On this island, it's easy to do. No less than 90 nationalities influence Aruba's cuisine, and the local offerings more than hold their own. At the many breakfasts, lunches and dinners I had on the beach, Keeshi Yena (chickpeas and Gouda cheese) and Funchi (fried polenta and more Gouda cheese) topped off with a perfect Ponche Crema (the best Caribbean drink, bar none) were my favorites.

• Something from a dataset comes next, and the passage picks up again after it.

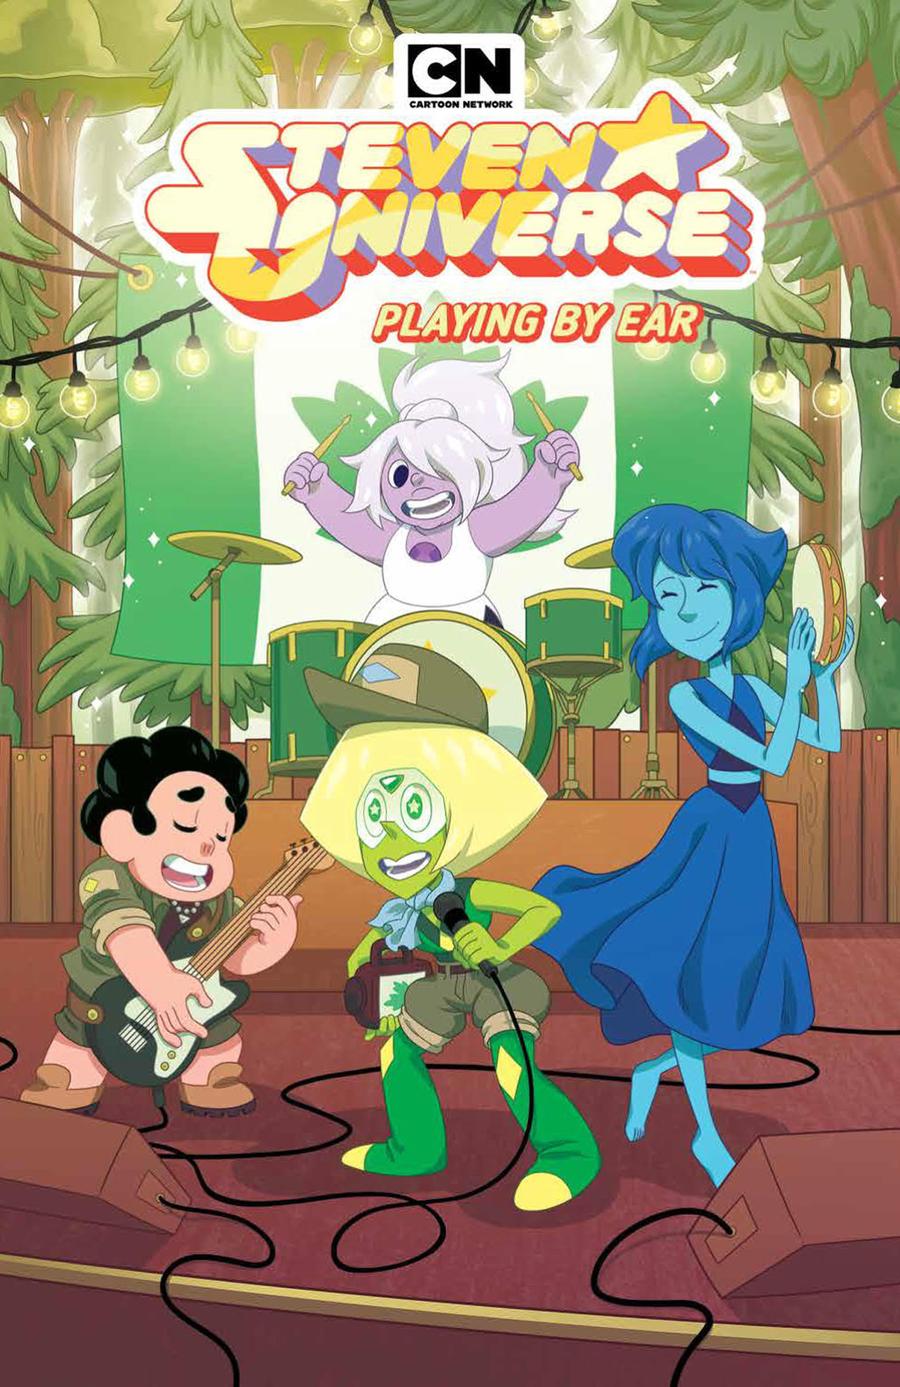 Steven Universe Ongoing Vol 6 Playing By Ear TP
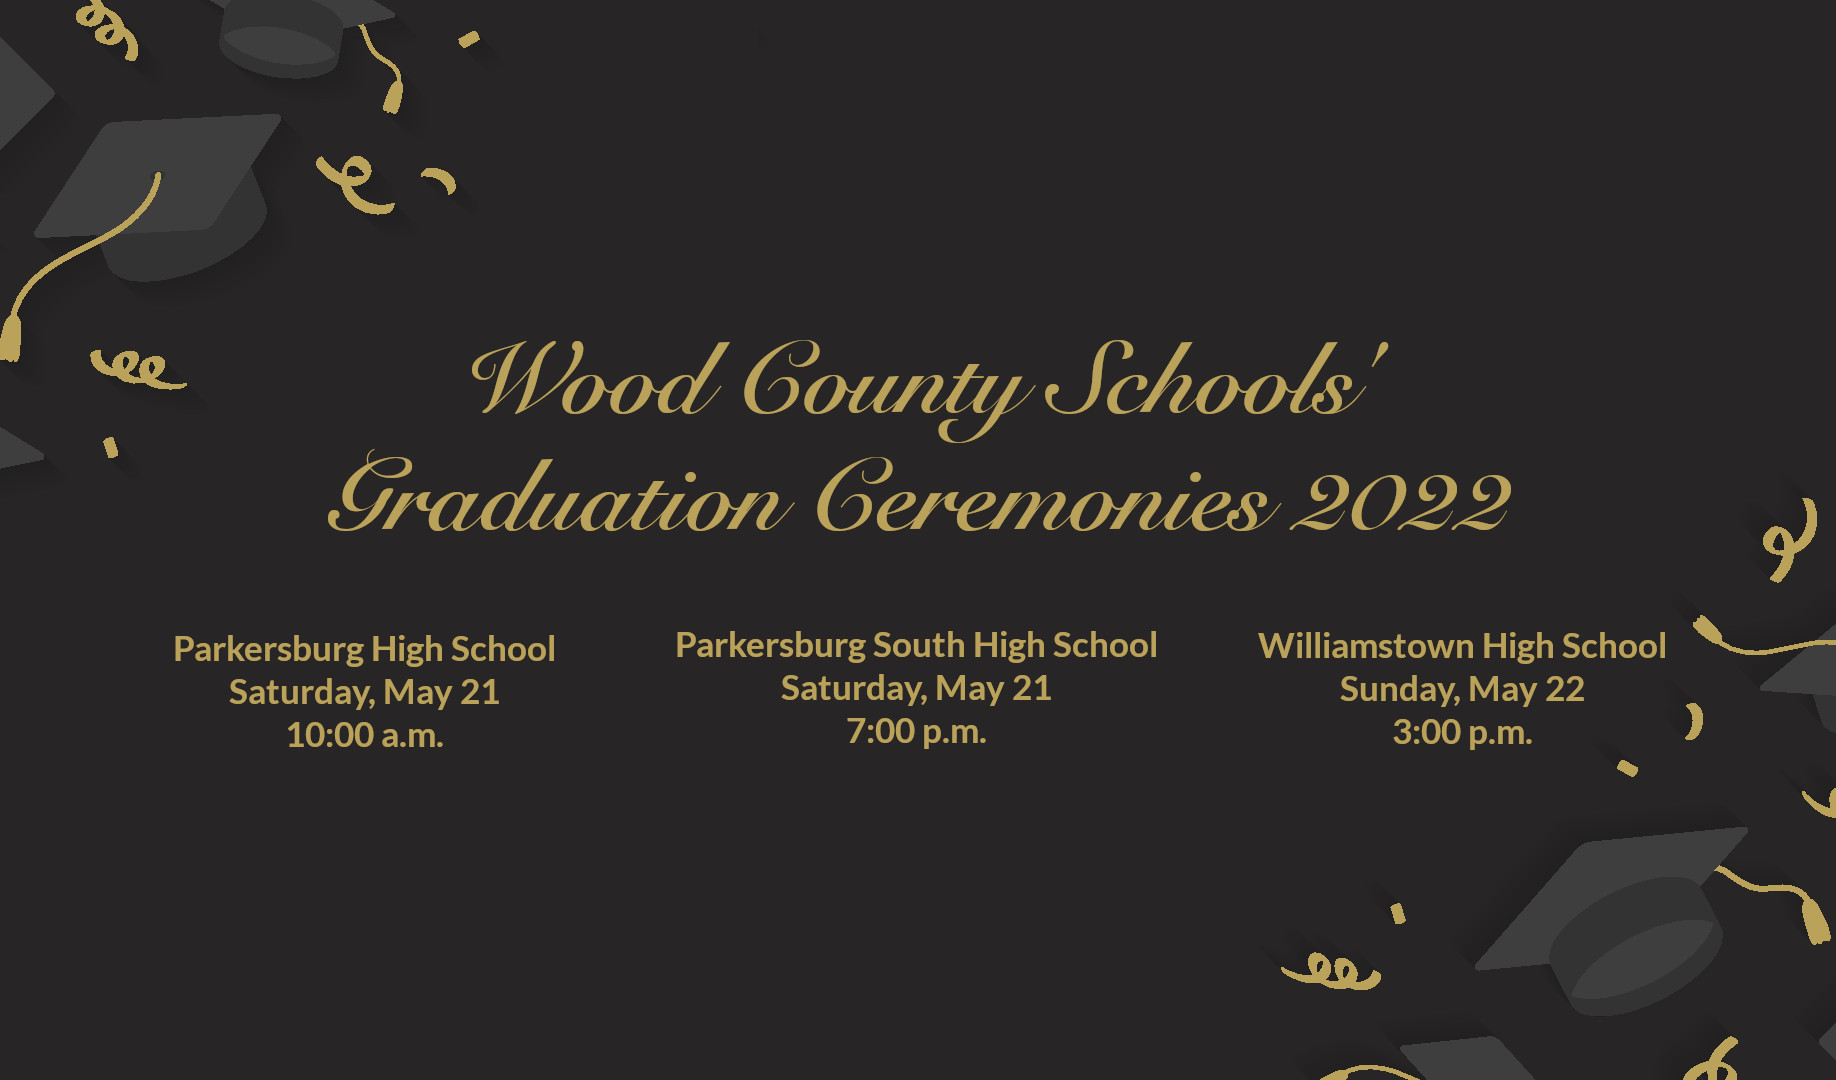 wood county schools' graduation ceremonies dates and times

Festivals in Aruba take place all year long on the island. The Bon Bini Festival is a weekly folkloric music and dance affair, the perfect introduction to the warmth and hospitality of Aruba's people. The action commences in downtown Oranjestad every Tuesday at 6:30 pm in the outdoor courtyard of Fort Zoutman, Aruba's oldest building. When I attended the event, the flavor of the island, its history, people, music and cuisine came through loud and clear, and I paid just $5 to attend. Gearing up for Memorial Day weekend, the Soul Beach Music Festival is a multi-night concert with beach parties, concerts and comedy shows. In June, there's the Film Festival that brings the international film community to Aruba. And perhaps the most prestigious musical event in the Caribbean, the Aruba Piano Festival, takes place in September and has built up a world-wide reputation because of the renowned artists that perform.
Bon Bini means welcome to my country. It's a Papiamento word, the official and most common language in Aruba and it was something I often heard on my visit. I never did learn the word for goodbye, undoubtedly because I didn't want to say it. I much preferred the local phrase Te Aworo -- see you later -- thus insuring my return.